Well, here’s Benny Morris, an Israeli historian whom I like and who has a tremendous amount of respect on both sides because he’s hardly a knee-jerk critic or apologist and has always been willing to criticize both Israeli and Palestinian extremists.

[QUOTE**]
But the major cause of tension and violence throughout the period 1882-1914 was not accidents, misunderstandings or the attitudes and behaviors of either side, but objective historical conditions and the conflicting interests and goals of the two populations. The Arabs sought instinctively to retain the Arab and Muslim character of the region and to maintain their position as its rightful inhabitants; the Zionists sought radically to change the status quo, buy as much land as possible, settle on it, and eventually turn an Arab-populated country into a Jewish homeland.
For decades the Zionists tried to camouflage their real aspirations, for fear of angering the authorities and the Arabs. They were, however, certain of their aims and of the means needed to achieve them. Internal correspondence amongst the olim from the very beginning of the Zionist enterprise leaves little room for doubt**.
[/QUOTE]

He further provides these excerpts from the letters of several of the First Aliyah’s leaders.

http://en.wikipedia.org/wiki/First_Aliyah

Unfortunately, I don’t have his book Righteous Victims on me, so I can’t fully authenticate those quotes, and that passage from the wikipedia article, but when wikipedia articles give detail citations from reliable sources, such as Morris, I’m considerably more willing to take them than way they use Norman Finkelstein or Bat Yeor as their sources, though I’m hardly a fan of using wikipedia as a source.

The point is that it was an example of Christian anti-Semitism, not Muslim anti-Semitism.

That said, there certainly were examples of Jews being massacred by Muslims long before Zionism came about.

Not necessarily so. Old people who lose their marbles sometimes change in their attitudes towards people as well. They become suspicious of previously trusted close relatives, launch weird accusations against neighbors, and so on… So, I’m not sure why they wouldn’t became racist too even though they really weren’t before.

Hrm, thanks for that but I’m really still not sure. Dubnow, for example, quit the place and returned to Russia, so I’m not at all sure that his ideas were indicative of anybody but himself. Ben-Yehuda was the person most clearly responsible for the rebirth of Hebrew as a language, but what strategic planning he actually conducted on behalf of the greater movement, in terms of military planning, is unclear to me. Likewise, Pines was a proponent of religious Zionism, which would have placed him in a rather small camp.

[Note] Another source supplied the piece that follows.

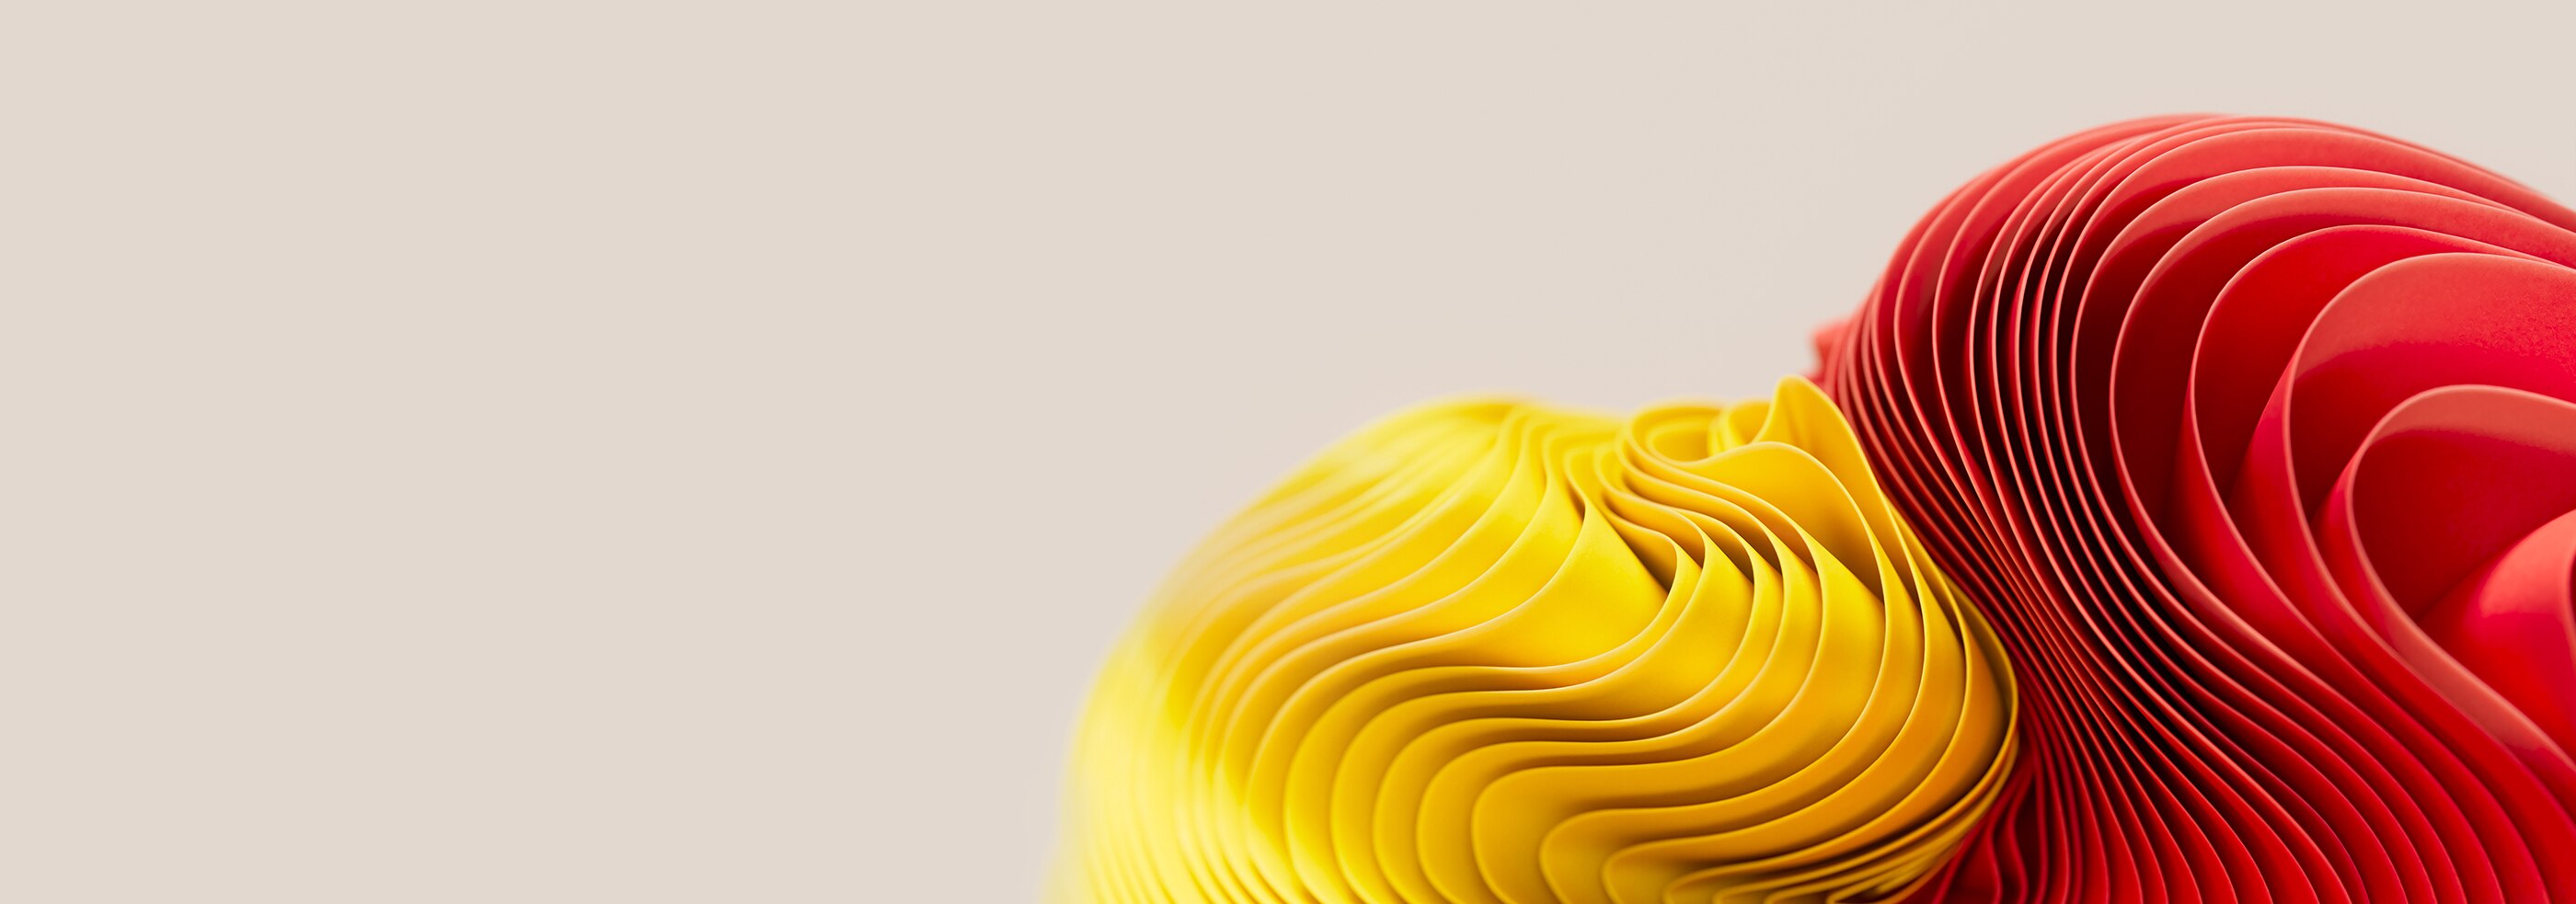 Una forma abstracta en un fondo amarillo y rojo

I’m not saying that Morris’ interpretation is necessarily wrong, but I don’t see how those folks’ views indicate that it was Zionism’s aim to conquer the country. “Two Jews, three opinions”, after all…
I still find it quite fantastic that there was a widespread view that the, largely impoverished aliyah were planning on defeating the Ottoman Empire. Hell, something like 50% of the Zionists of that time period quit and returned home because simply eking out a living was too hard.

Still, thanks, I was unaware of those quotes and may check that book out of the library one of these days. I’d rather read it in context than the bits that people have snipped for wiki, and I’d certainly like to see Morris’ reasoning in full.

I disagree. I think it’s actually a very good example of the fusion of Christian and Muslim anti-Semitism, where classical European anti-Semitic tropes found fertile soil and were put to use by influential Muslim leaders.